Оба смотрят на мальчика, папа через плечо и ласково, медсестра - с усталым интересом. Потом продолжают, а мальчик решает посмотреть витрины, где много всяких таблеток с таблицей Менделеева в составе.
- Возьмите для молодого человека, вот... немецкий препарат... восемьдесят...
Мальчик подходит поближе, потому что плохо слышит голоса, ведь все же интересно, когда беседуют взрослые. Папа достает несколько скомканных ассигнаций, передает. Все это походило на игру, по правилам которой действительно хорошую вещь (стеклянный шарик, например) можно обменять на ничего не значащие кусочки бумаги. Все взрослые в нее играют!
- Спасибо, - папа улыбается, он почему-то всегда смущенно улыбается. Глаза медсестры теплеют.
- Он на вас очень похож, - сказала она с улыбкой, тоже смущенной.
Почему все они, взрослые, улыбаются так, будто это делать нельзя!
- Знаю. Это потому что мы с ним дружим, - мальчик подмигнул папе, тот ответил.
- Красивый, - подмигнула ему продавщица. Он отвернулся - Мама у тебя тоже красивая?
Папа помрачнел резко, развернулся, пошел к двери. Продавщица крикнула вслед:
- А что с мамой-то? Ушла куда, что ли?
Папа замер, на мгновение установилась тишина.
- Можно, - с деревянным смешком сказал папа - Можно и так сказать. Точнее, улетела.
И вышел. Мальчик поспешил за ним. Теперь они шли домой молча; папа смотрел себе под ноги, а мальчик знал, что сейчас лучше его не трогать.
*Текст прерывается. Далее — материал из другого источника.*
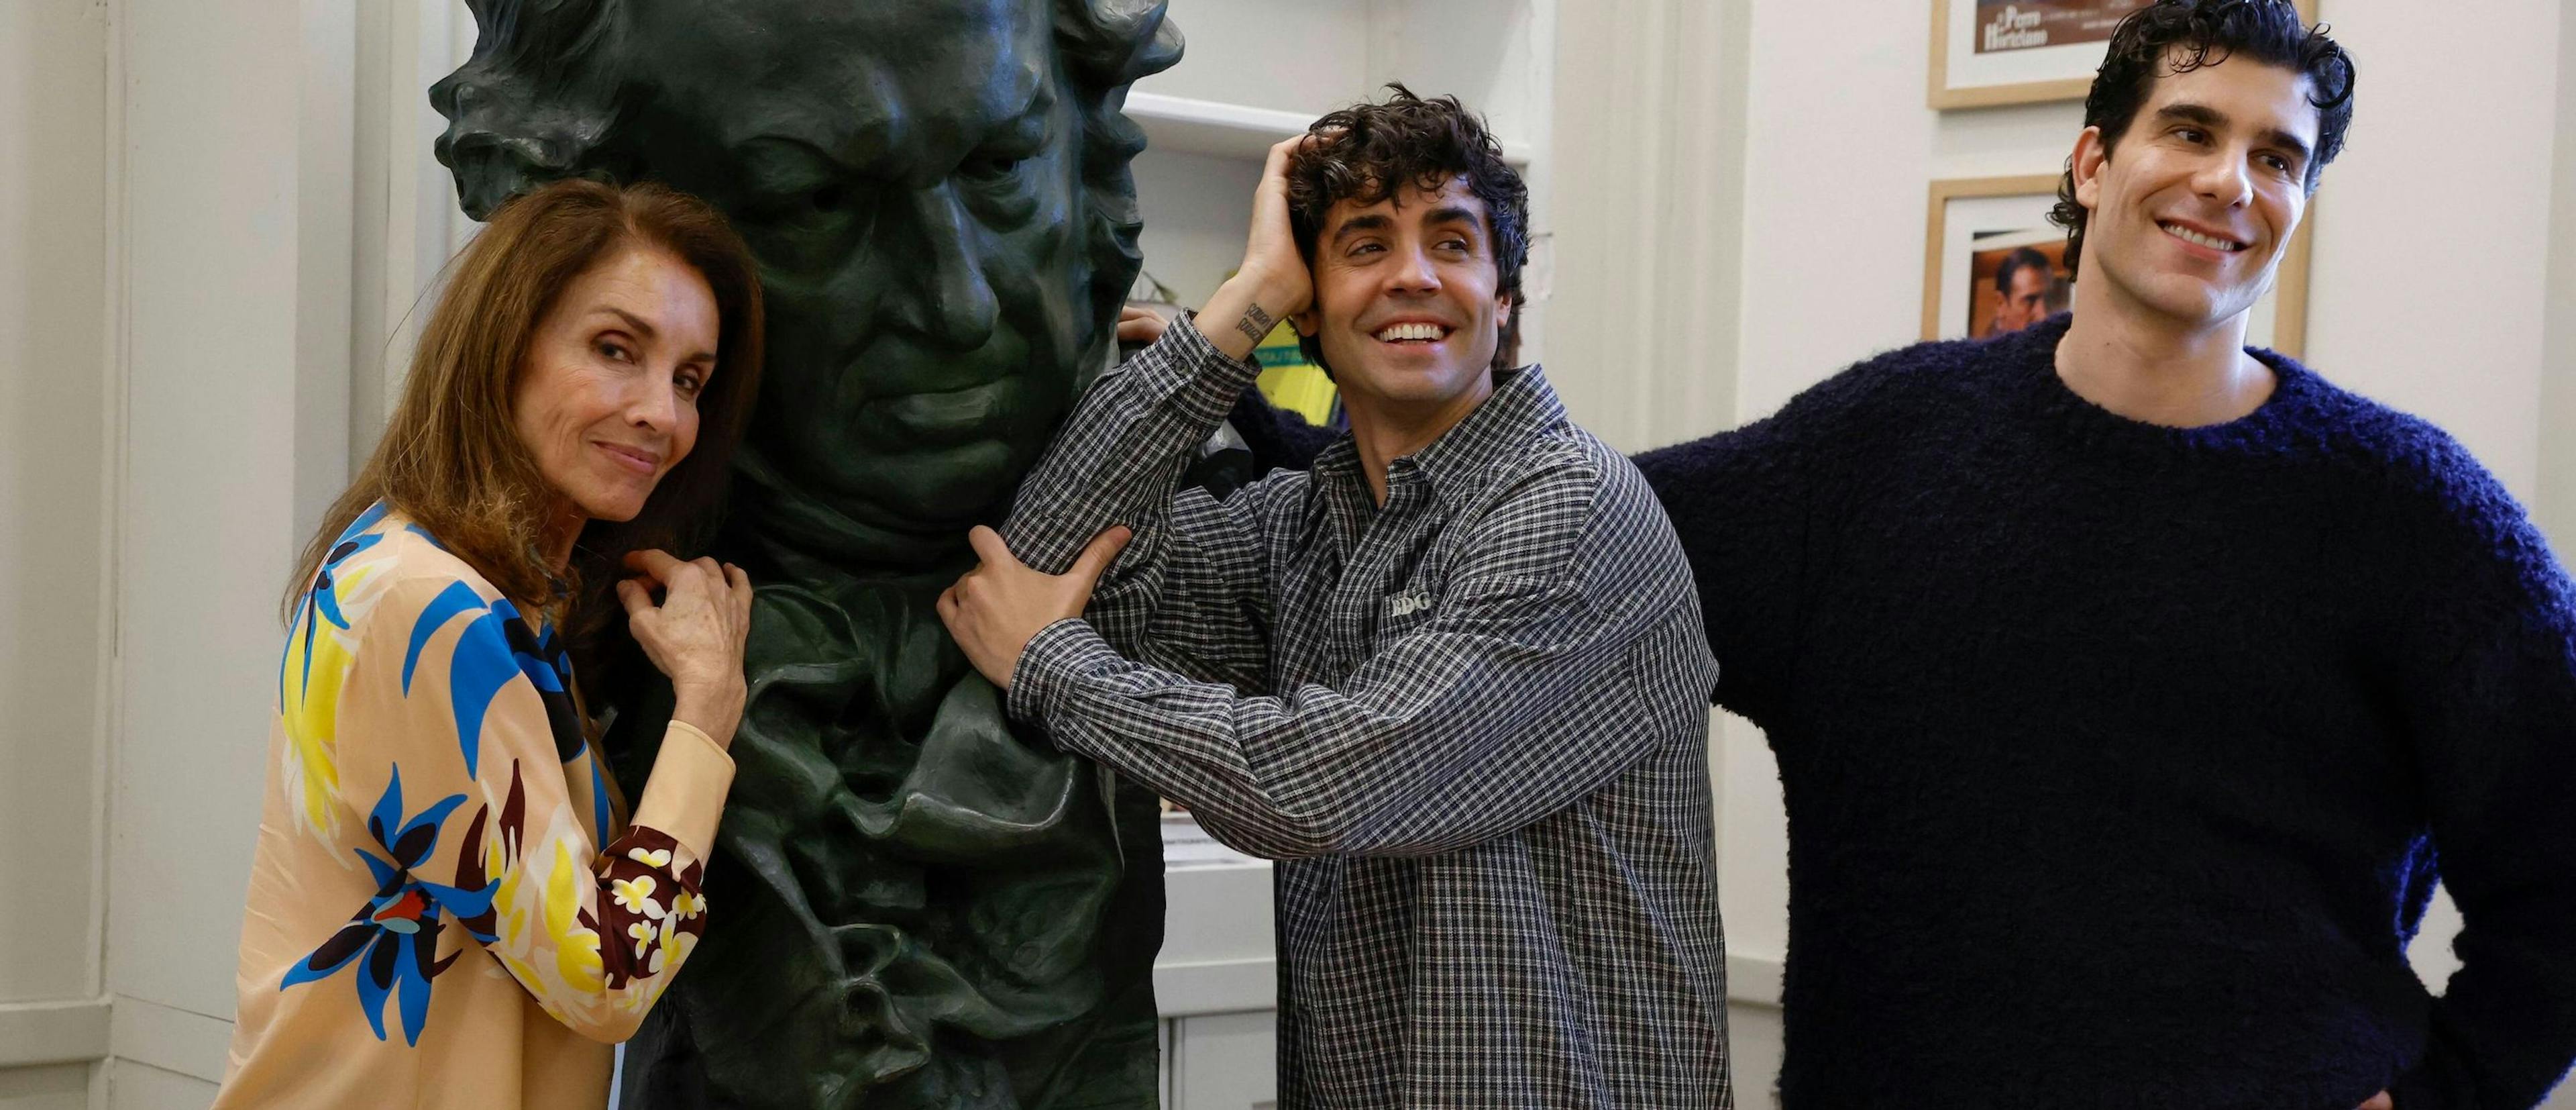 Ana Belén, Javier Ambrossi y Javier Calvo posan en la Academia de Cine junto a una réplica de la estatuilla del Goya

Как же он любил ее! Плакал ночами, хотя случилось это уже давно; ее фотокарточка в вечернем последнем платье была всегда с ним, в кармане на груди. И она его, видно, любила, судя по письмам, хоть и не так горячо, но всем сердцем. Перед смертью папа доверил все - и письма, и альбом, священный для него, и свою летопись, и все свои рассказы и стихи. Больше половины стихов были для нее. Последние ее слова: "Жизнь, ты есть любовь, и я люблю тебя..."
Хотелось бы любить так же, как папа.
Катана с годами износилась, и стала слишком легкой. К восемнадцати годам он стал выше папы - хотя тот сам был довольно высок - и на день рождения он получил в подарок, как тогда, клинок: но-дачи - удлинненную и утяжеленную версию катаны. Последняя отправилась на почетное хранение в обитый деревом отцовский кабинет, а рука привыкала к новой тяжести.
Двадцать лет.
Папа входит в комнату, где юноша сидит перед экраном компьютера, как всегда почти бесшумно - была у него такая манера - трогает юношу за плечо.
- Послушай, сегодня мы получили вызов.
- Что?.. - юноша, отлипая от монитора, не сразу вник в смысл слов - Какой вызов?
- Вызов на бой.
Глаза юноши загораются огнем.
- Хоть сейчас! Когда?
- Подожди, сядь, - поморщился отец - Вызов не от наших с тобой товарищей, люди приехали из другого города специально для этого.
Были у отца товарищи, которые тоже владели - кто мечом, кто копьем, один даже топором. Каждый по своим возможностям, но никто еще не одолел их катанный дуэт. Видимо, весть об этом перешла границы города - и противники, судя по озабоченному лицу отца, прибыли серьезные.
- Кто это, сколько их?
- Их двое, - отец присел на краешек стола - Они крепкие ребята, фальшион и кадаси.
Юноша подмигнул.
- Баталия завтра, в десять, будь готов.
Отец вышел из комнаты, хмурый и сосредоточенный. Наверняка ведь пошел во двор обрубать шесты...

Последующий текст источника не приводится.